## Recorded data
━━━

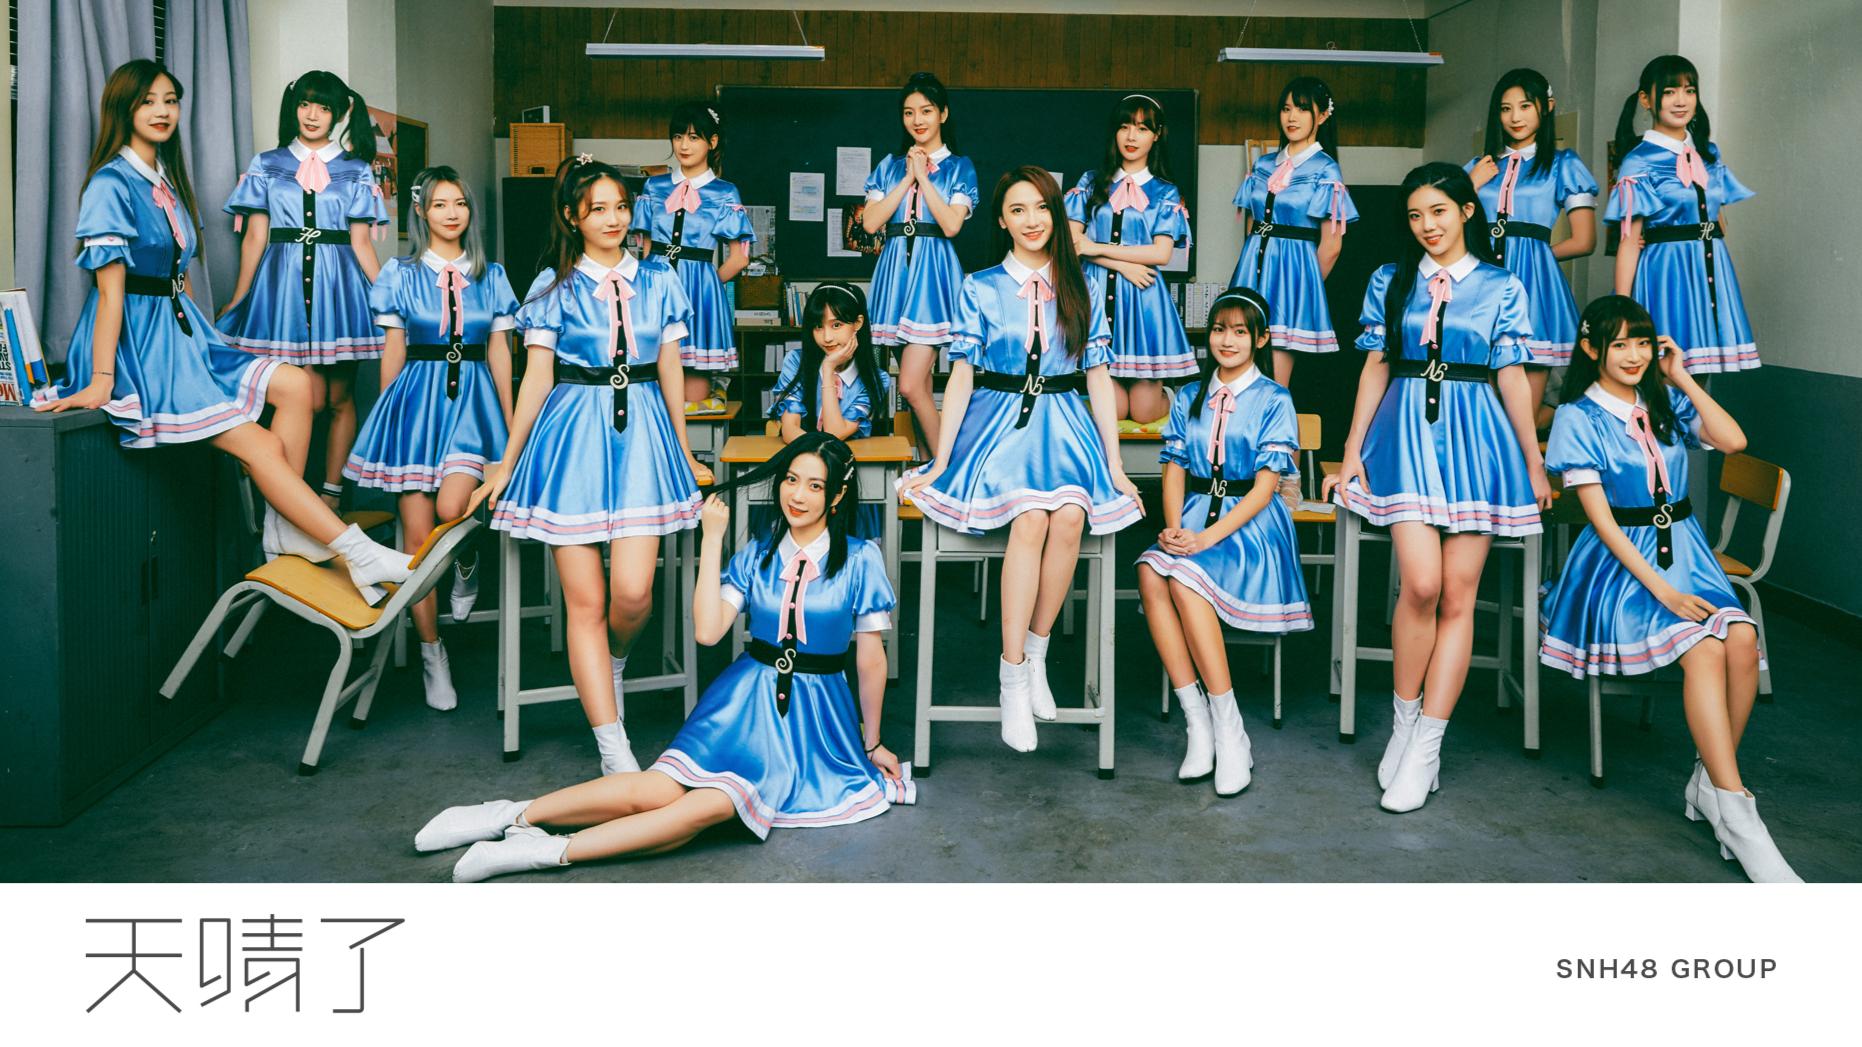 【SNH48 GROUP】第七届偶像年度人气总决选专属应援EP主打曲《天晴了》MV对嘴版
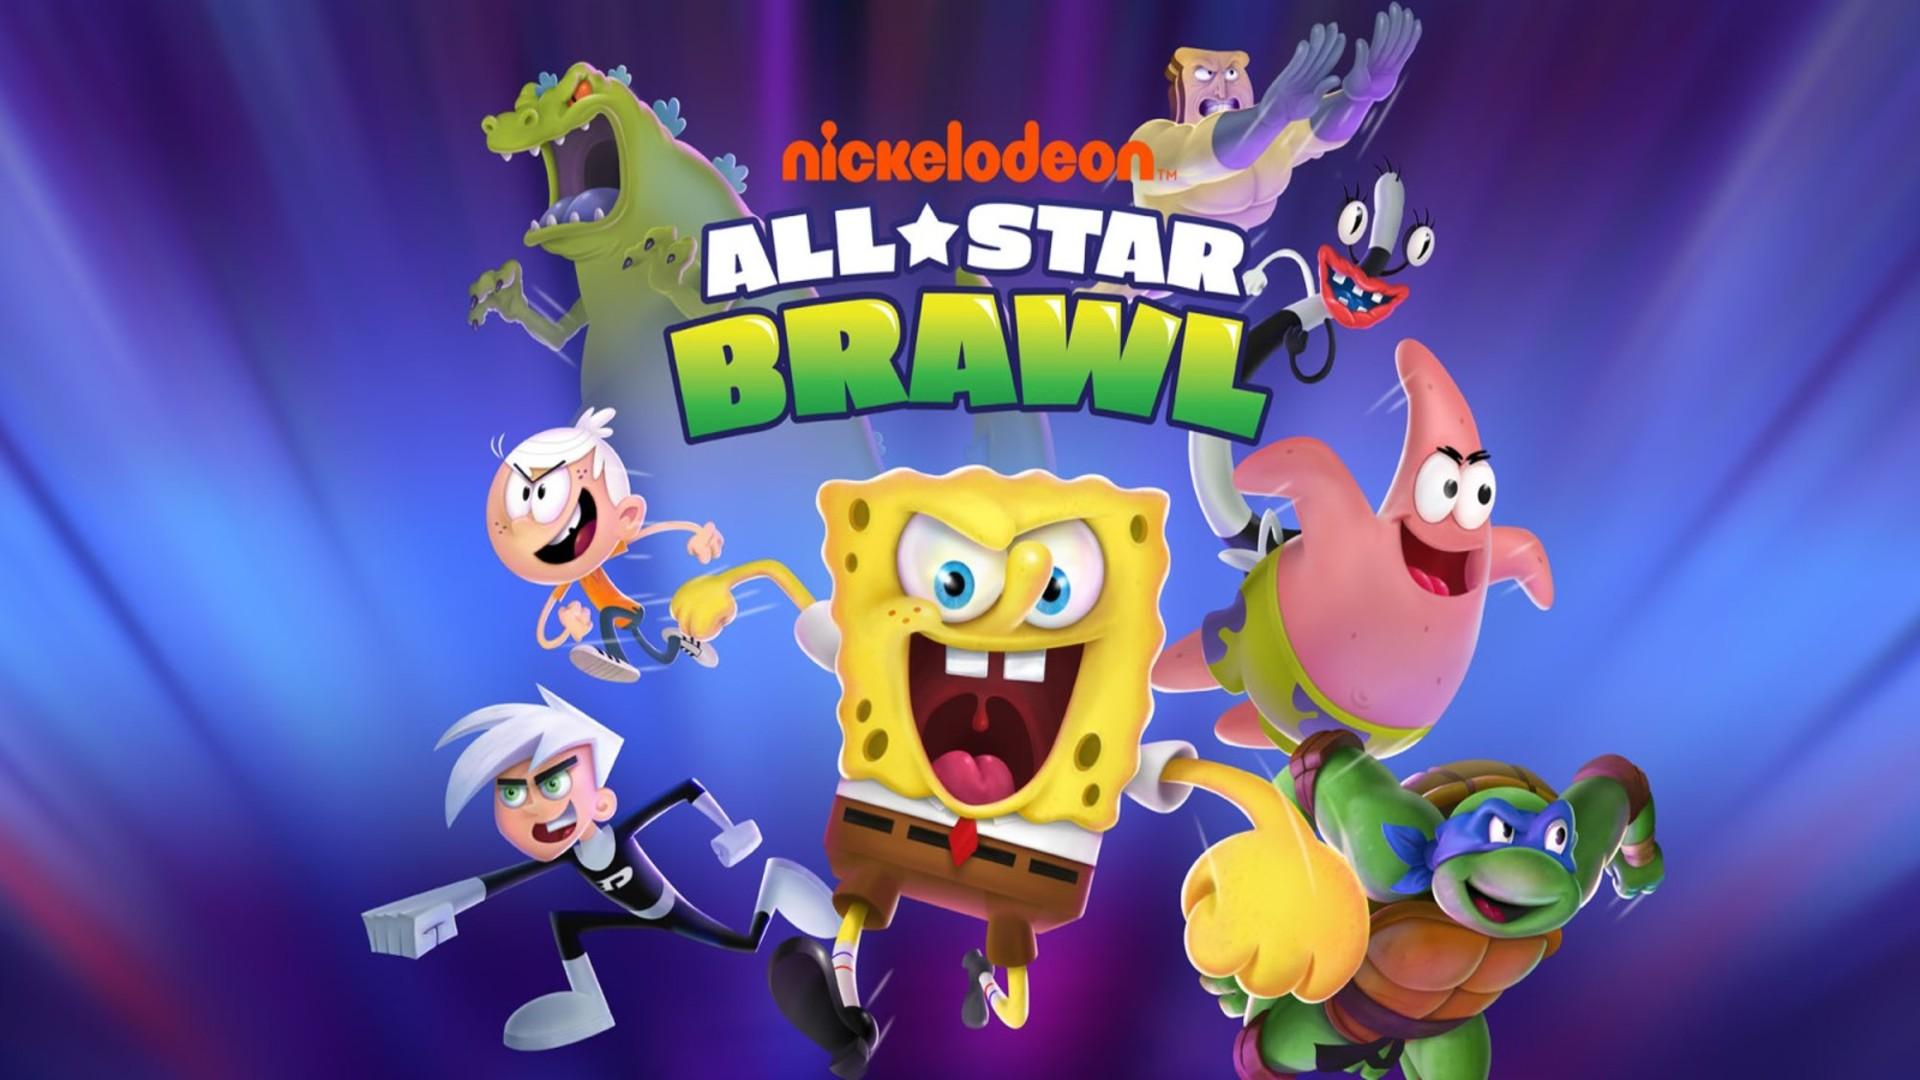 Ludwig organiseert een Nickelodeon All-Star Brawl-toernooi
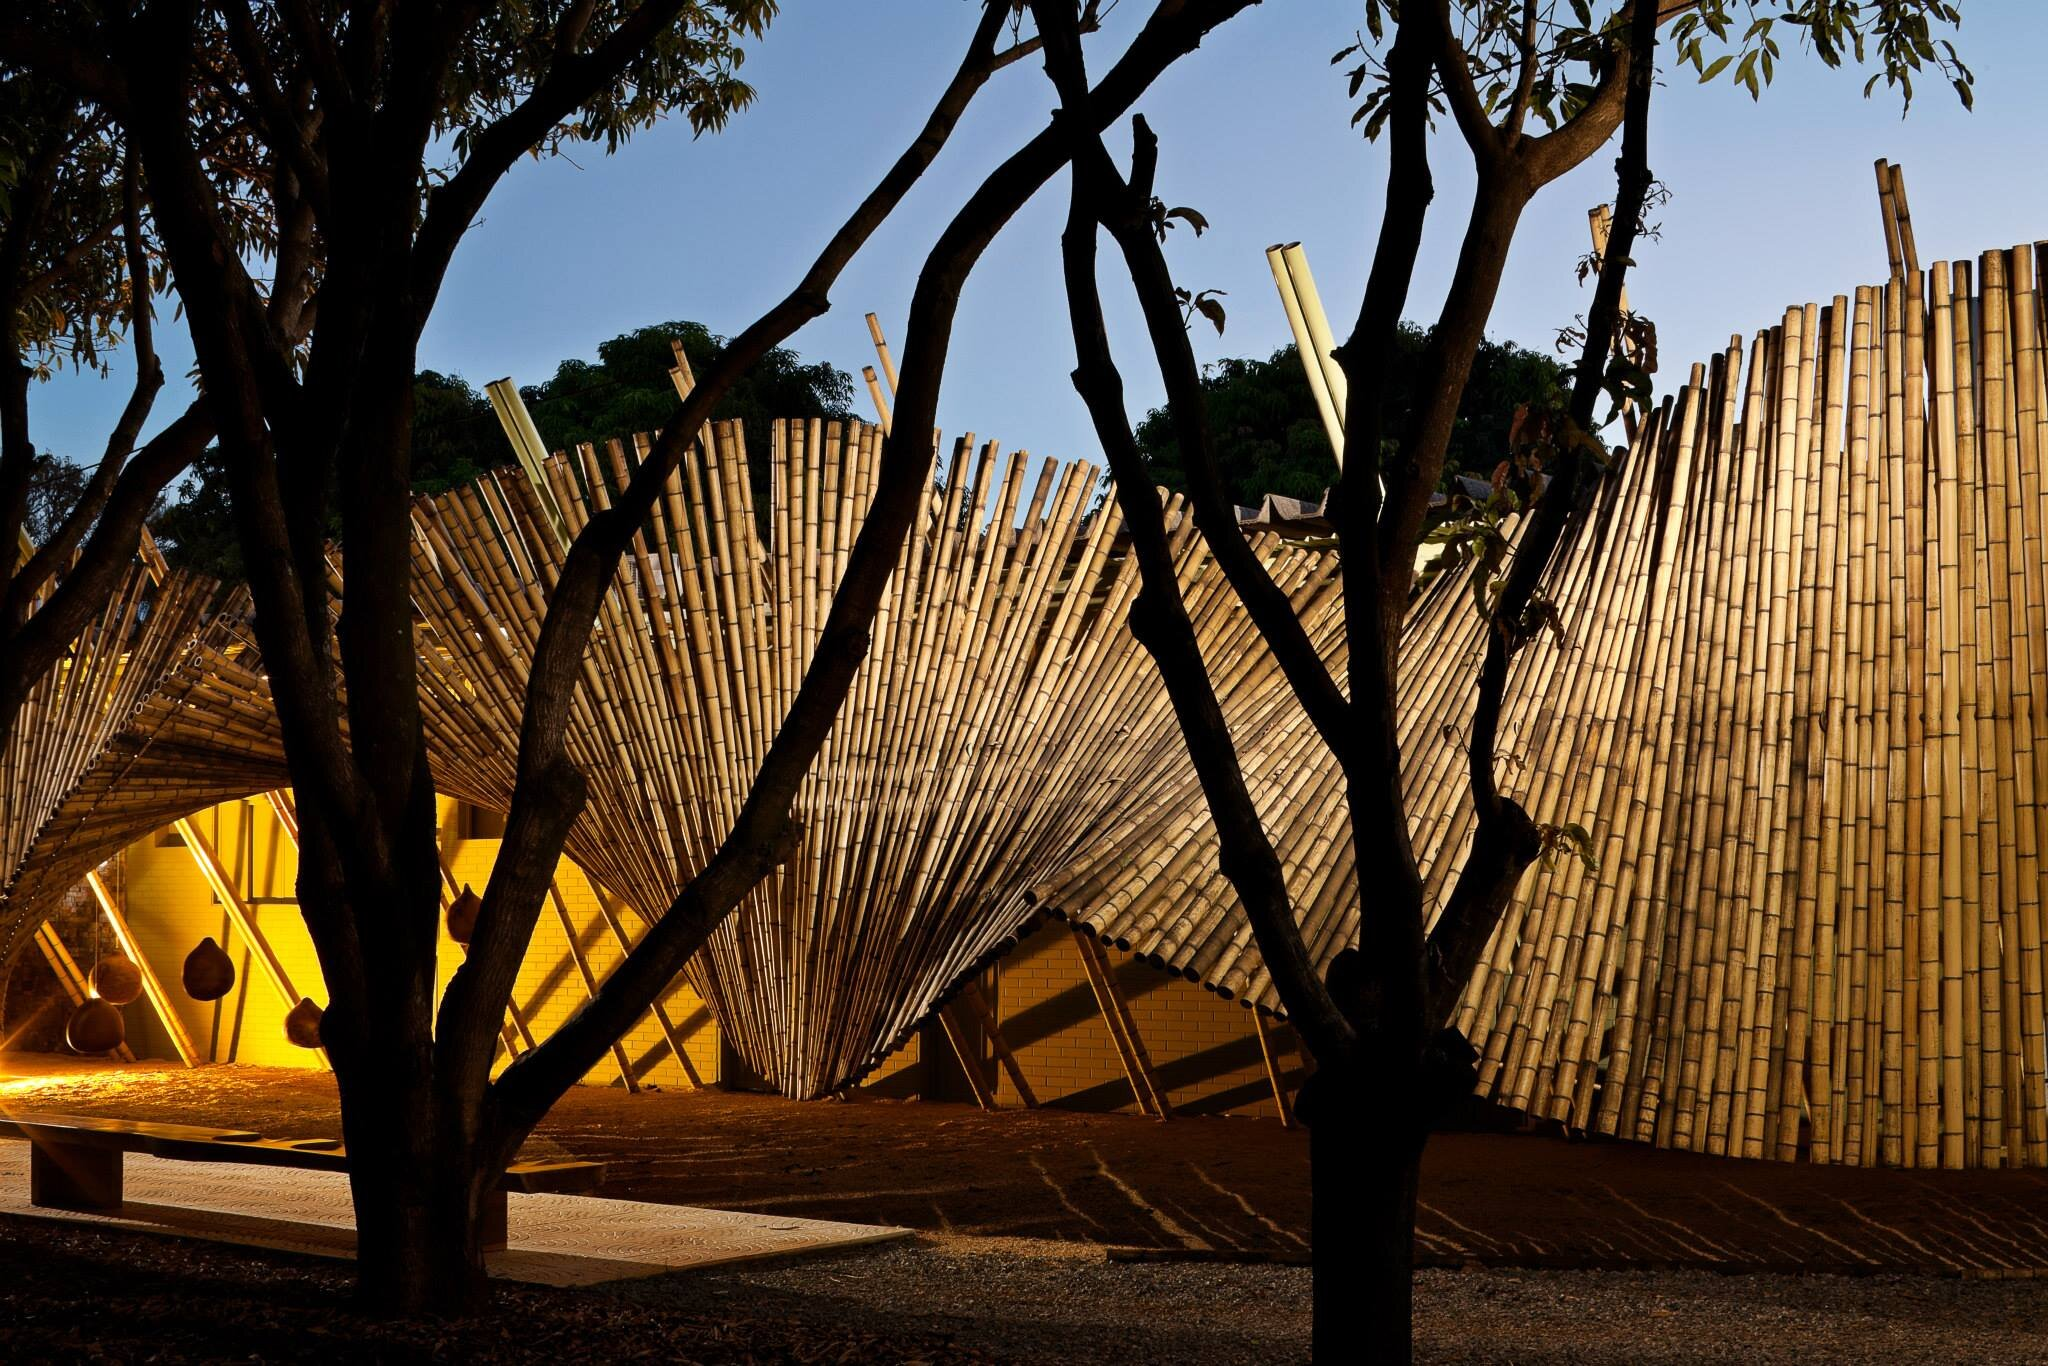 instalação de bambu casacor brasília 2011 sustentabilidade
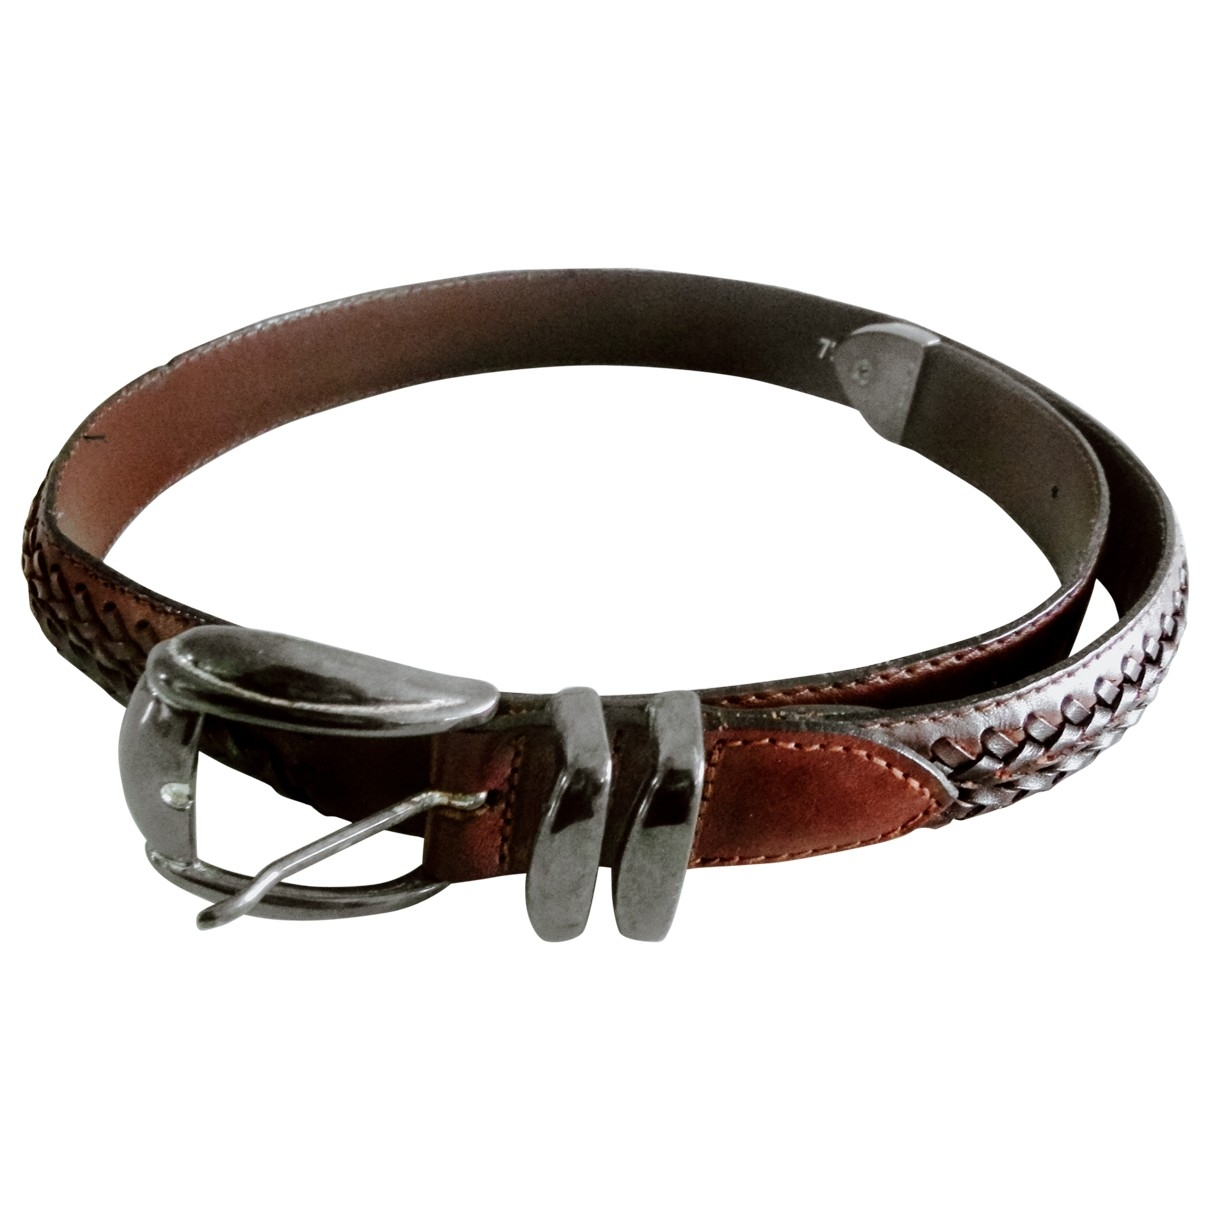 Cinturon de Cuero Abaco

━━━

## Task prompt
When you restate the listing, keep every word as it is and drop the pictures.

## Reply to the task
 【SNH48 GROUP】第七届偶像年度人气总决选专属应援EP主打曲《天晴了》MV对嘴版
 Ludwig organiseert een Nickelodeon All-Star Brawl-toernooi
 instalação de bambu casacor brasília 2011 sustentabilidade
 Cinturon de Cuero Abaco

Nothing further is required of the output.